Especially useful is when you combine both index() and substr() as in
the following example. Say we want to get only the second word of the
phrase "CS290W Happens". We could use the following code:
# Example using index() and substr()
$sString = "CS290W Happens";
$sSubString = " ";
$iIndex = index($sString, $sSubString);
$sNewString = substr($sString, $iIndex +1);
In this example we are attempting to obtain the second word of the
phrase "CS290W Happens". We do this by first finding the first
occurence of a space using the index function. This will contain the
position of that space ... which is put into the substr function as
the beginning. So, $sNewString will be "Happens".
- The length function
- This function returns the length in characters of the string.
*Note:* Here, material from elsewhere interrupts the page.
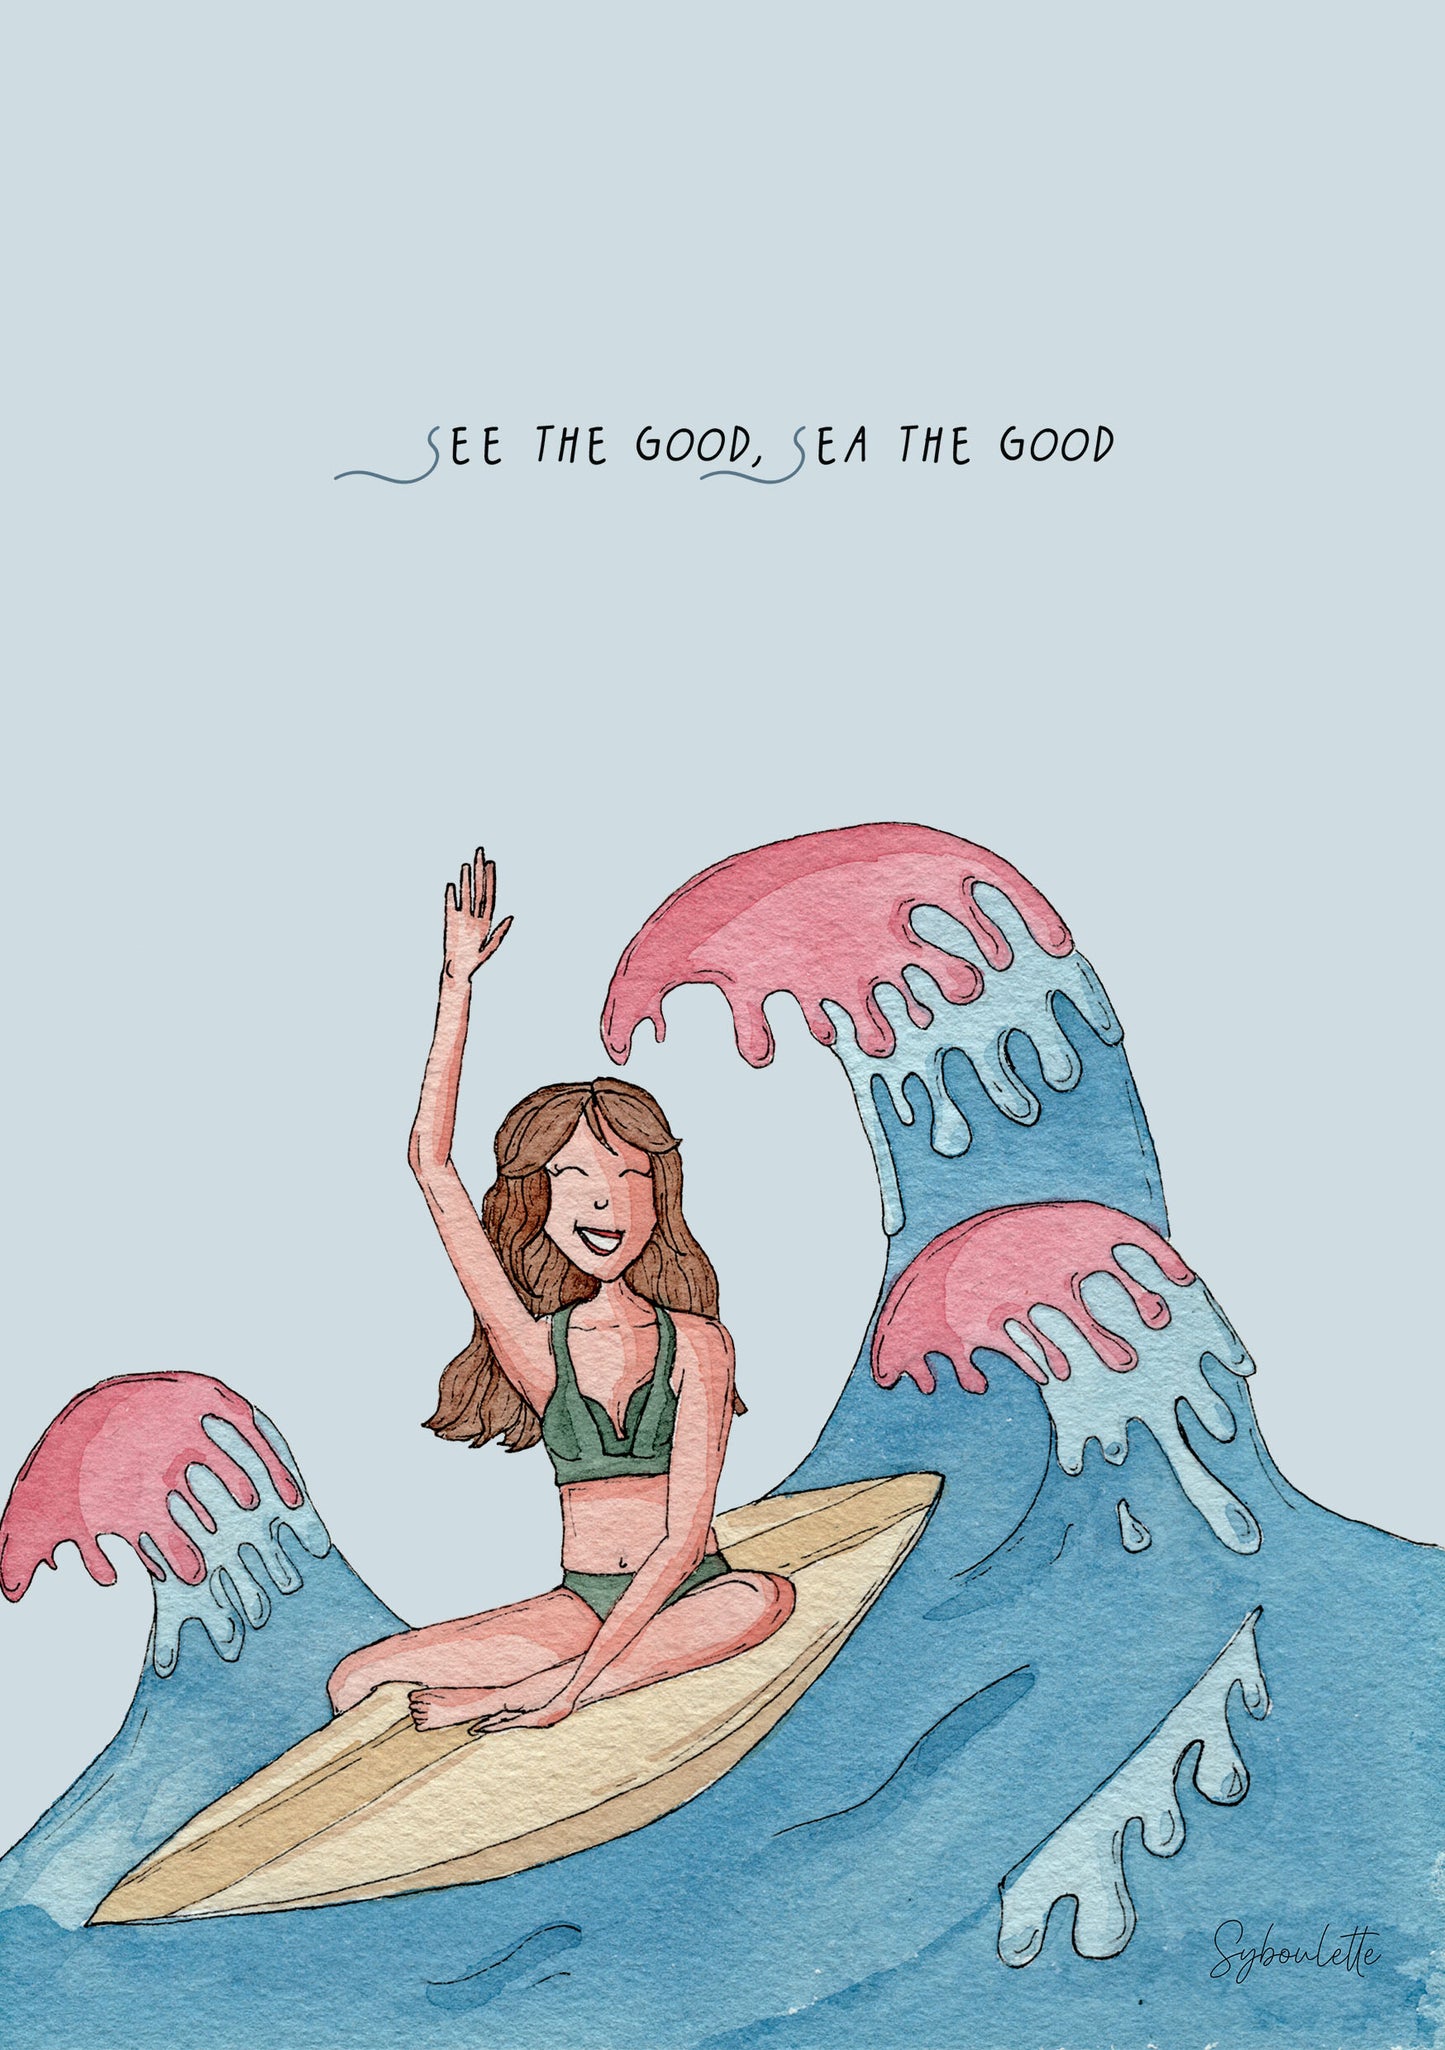 SEE THE GOOD - affiche aquarelle

# Example using the length() function
$sString = "JavaCard";
$iLength = length ($sString);
$iLength will contain the length of the string $sString which is 8
characters long.
- The split function
- This allows you to split up one string into multiple strings by
looking for occurrences of a character or characters within it. The
results are stored into an array.
# Examples using the split() function
$sSearchString = "cows,cattle,bovine creatures,moo";
@asSearchFor = split (/,/, $sSearchString);
# IP Address 163.185.20.182
$sIpAddress = "163.185.20.182";
@asClassAddresses = split (/\./, $sIpAddress);
Notice the backslash in the split function. What is this for? The
/.../ is a place where a regular expression can appear. (These will
be discussed in the next section Patterns
and Transliteration.) The backslash is necessary before the dot
to avoid having the dot interpreted as a special character in a
regular expression. A "." in a regular expression means match any
character!
What we are doing here is really useful. If you remember back from
CS190W, an IP Node Number is composed of its A.B.C.Node. The above
script allows you to distinguish between each by placing each A,B,C,
and Node into separate indices of array @asClassAddresses. So if
someone asked you "What class B network do you belong to?" You would
simply print out the value for $asClassAddress[1]. In the end you
have split the above string into 4 parts removing the dot between
them.
$asClassAddresses[0] = "163"
$asClassAddresses[1] = "185"
$asClassAddresses[2] = "20"
$asClassAddresses[3] = "182"
Don't worry though, we won't be covering class networks until the
Networking portion of this course :-)
- The join function
- This does the exact opposite of split(). Here you give an array of
scalars and a delimiting character. Join will glue it all together.
# Examples using the join() function
@asSearchFor = ("cows", "cattle", "bovine creatures", "moo");
$sSearchString = join ("->", @asSearchFor);
# $sSearchString = "cows->cattle->bovine creatures->moo"
@asIpAddress = ("163","185","20","182");
$sFullIpAddress = join (".", @asIpAddress);
Join will take the individual values "163", "185", "20", and "182" and
glue them together using a dot. Your final result stored in string
$sFullIpAddress will be "163.185.20.182".